Canonicalize lowercase URLs
I want to write an HTTP module that converts URLs to lowercase. My first attempt ignored international character sets and works fine:
// Convert URL virtual path to lowercase string lowercase = context.Request.FilePath.ToLowerInvariant(); // If anything changed then issue 301 Permanent Redirect if (!lowercase.Equals(context.Request.FilePath, StringComparison.Ordinal)) { context.Response.RedirectPermanent(...lowercase URL...); }
Test in Turkey (international cultures):
But what about other cultures than in the US? I referenced Turkey Test to find a test URL:
http:
This little insidious stone destroys any idea that converting code into URLs is easy! Its lowercase and upper case, respectively, are as follows:
http://example.com/ııii http://example.com/IIİİ
To convert the case to work with Turkish URLs, I first had to set the current ASP.NET culture to Turkish:
<system.web> <globalization culture="tr-TR" /> </system.web>
Then I had to change my code to use the current culture to convert case:
// Convert URL virtual path to lowercase string lowercase = context.Request.FilePath.ToLower(CultureInfo.CurrentCulture); // If anything changed then issue 301 Permanent Redirect if (!lowercase.Equals(context.Request.FilePath, StringComparison.Ordinal)) { context.Response.RedirectPermanent(...); }
But wait! Will StringComparison.Ordinal
still work? Or should I use StringComparison.CurrentCulture
? I'm not sure either!
File Names: It Gets MUCH WORSE!
Even if the above works, using the current conversion culture in the event of an NTFS file system break! Let's say I have a static file called Iıİi.html
:
http:
Although the Windows file system is not case sensitive, it does not use a language culture. Converting the above URL to lowercase results in a 404 error because the file system does not consider these two names equal:
http:
Correct case conversion for file names? Who knows?!
The MSDN article Recommendations for Using Strings in the .NET Framework has a note (about halfway to the article):
Note: The string behavior of the file system, registry keys and values, and environment variables is best represented in StringComparison.OrdinalIgnoreCase.
BUT? The best are presented ??? Is this the best we can do in C #? So what is the correct case conversion to fit the file system?
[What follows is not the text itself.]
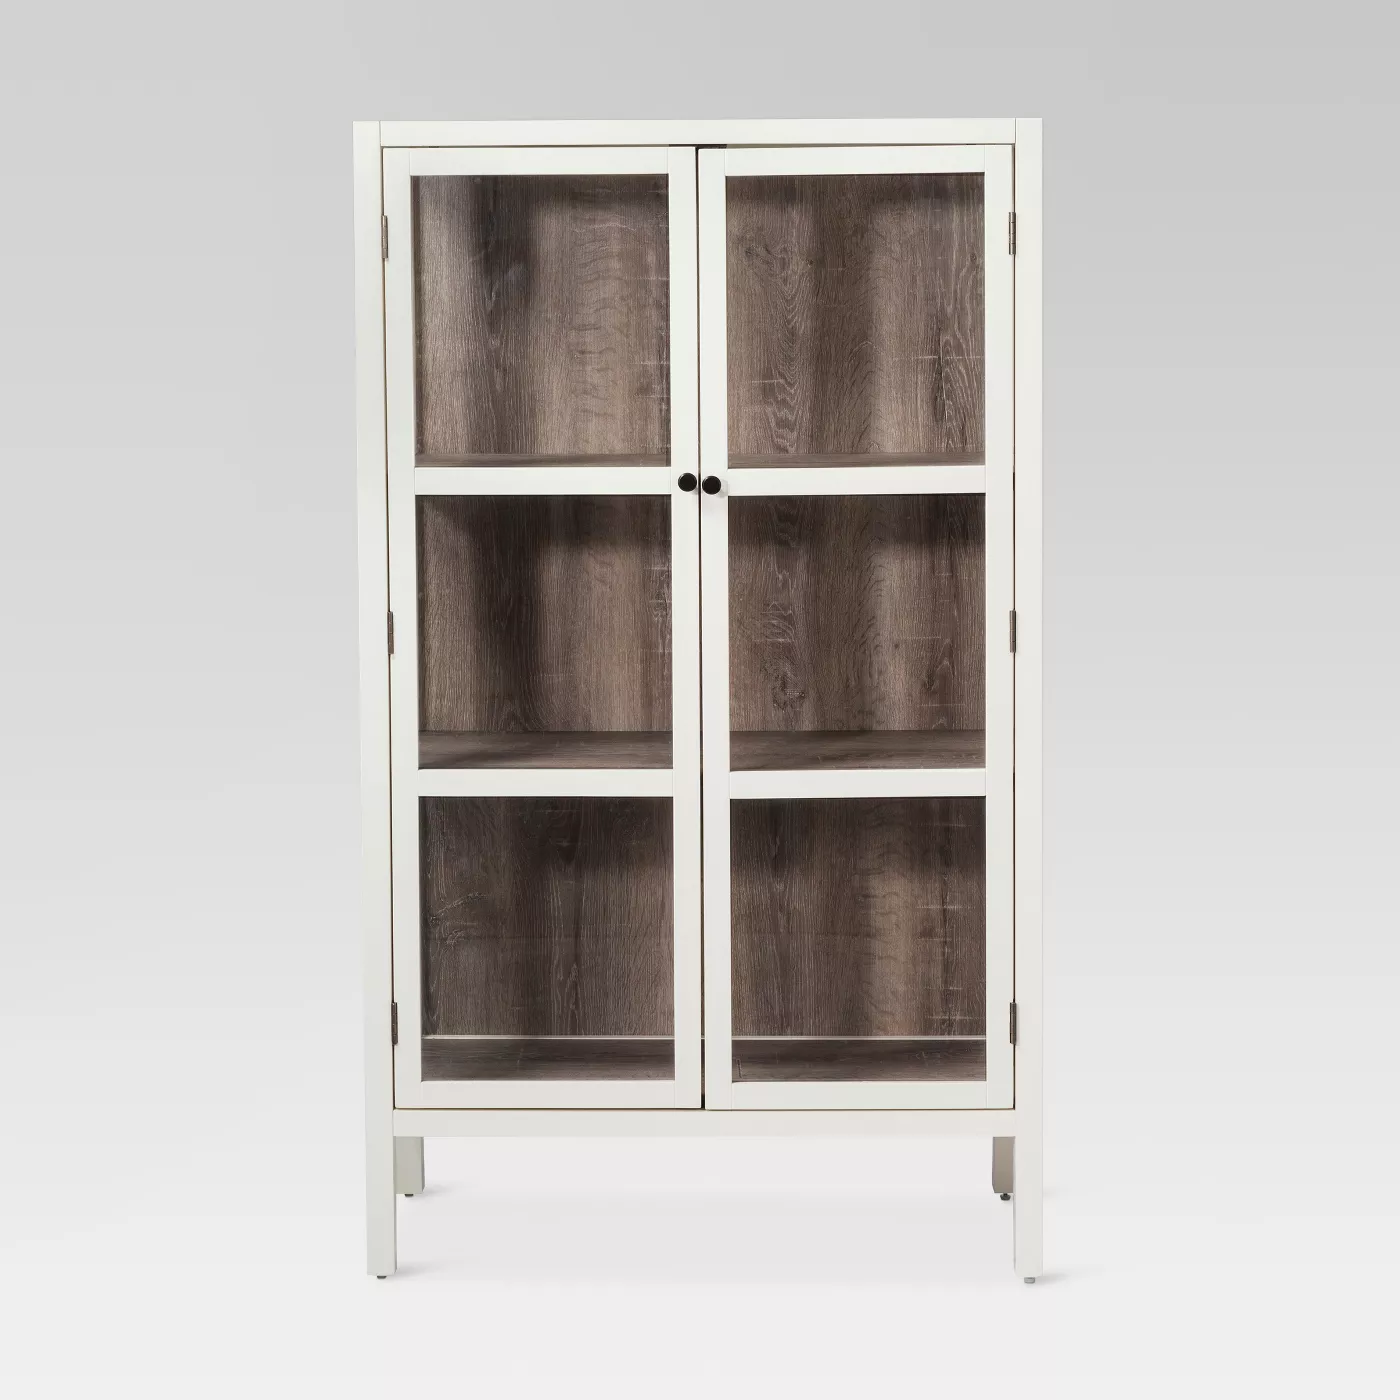 Shop 56.2" Hadley Library Cabinet with Glass Shell White - Threshold™ from Target on Openhaus

Who knows?!!? . All we can say is that comparing strings using the above is likely to work the MOST of that time.
Summary: Converting two cases: static / dynamic URLs
- So we saw that static URLs --- URLs that have a file path that matches the real directory / file in the file system --- must use an unknown case transformation that is just the “best represented”
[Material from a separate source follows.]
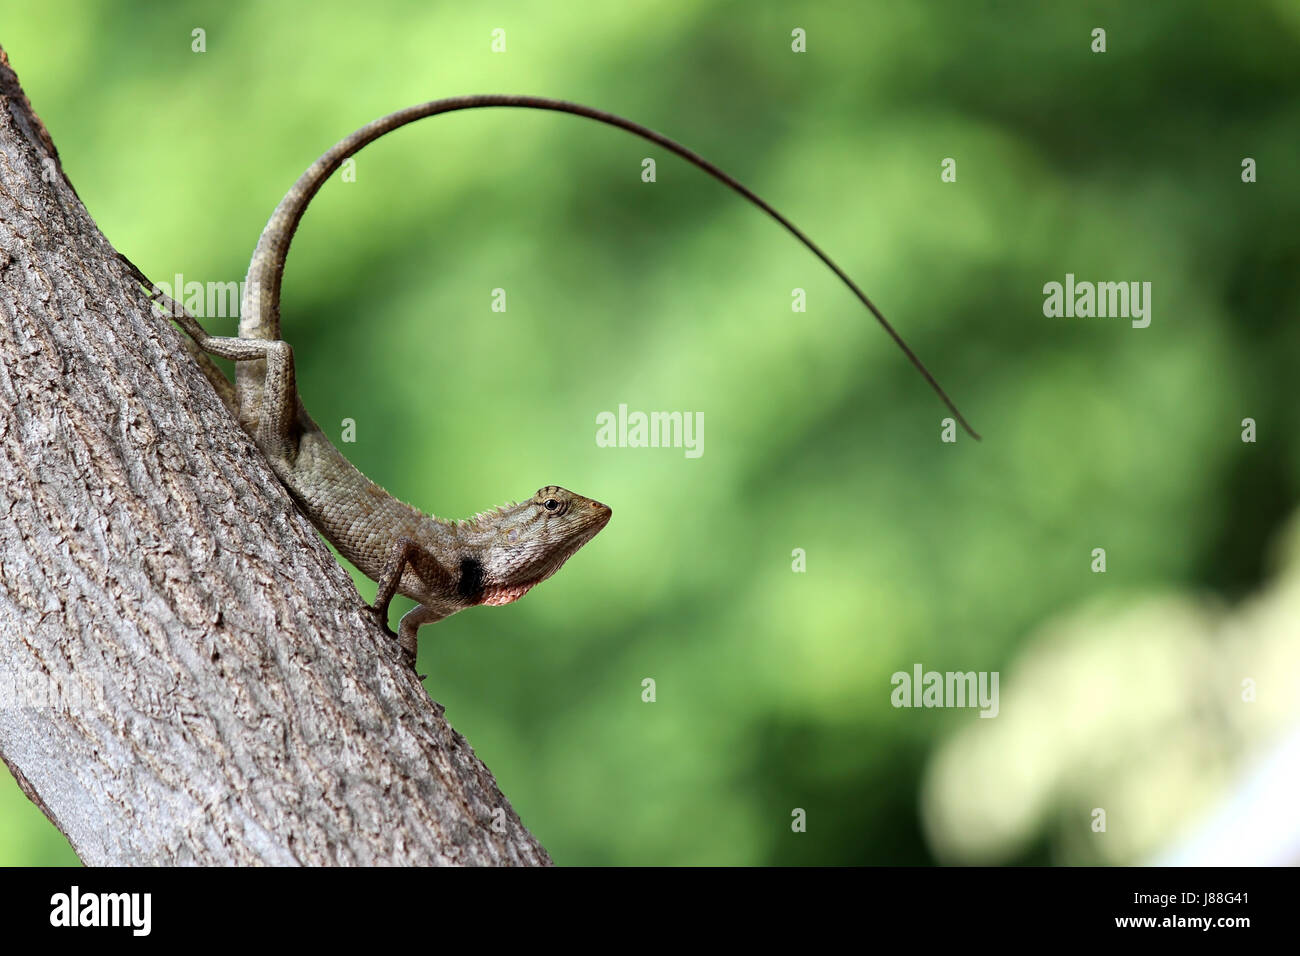 lizard chameleon on tree with nature background Stock Photo

StringComparison.OrdinalIgnoreCase
. And note that there is no string.ToLowerOrdinal()
method, so it’s very difficult to know exactly which case conversion corresponds to OrdinalIgnoreCase
string OrdinalIgnoreCase
. Using string.ToLowerInvariant()
is probably the best choice, but it violates the language culture. - On the other hand, dynamic URLs --- URLs from a file path that does not match the actual file on the disk (which is displayed in the application) --- you can use
string.ToLower(CultureInfo.CurrentCulture)
, but it violates the file system , and it is somewhat unclear what extreme cases exist that may violate this strategy.
Thus, it looks like code conversion first requires a determination of whether the URL is static or dynamic before choosing one of the two conversion methods. For static URLs, there is uncertainty about how to change case without violating the Windows file system. For dynamic URLs, it is doubtful if case conversion using culture also violates the URL.
Phew! Does anyone have a solution to this mess? Or should I just close my eyes and pretend it's all ASCII?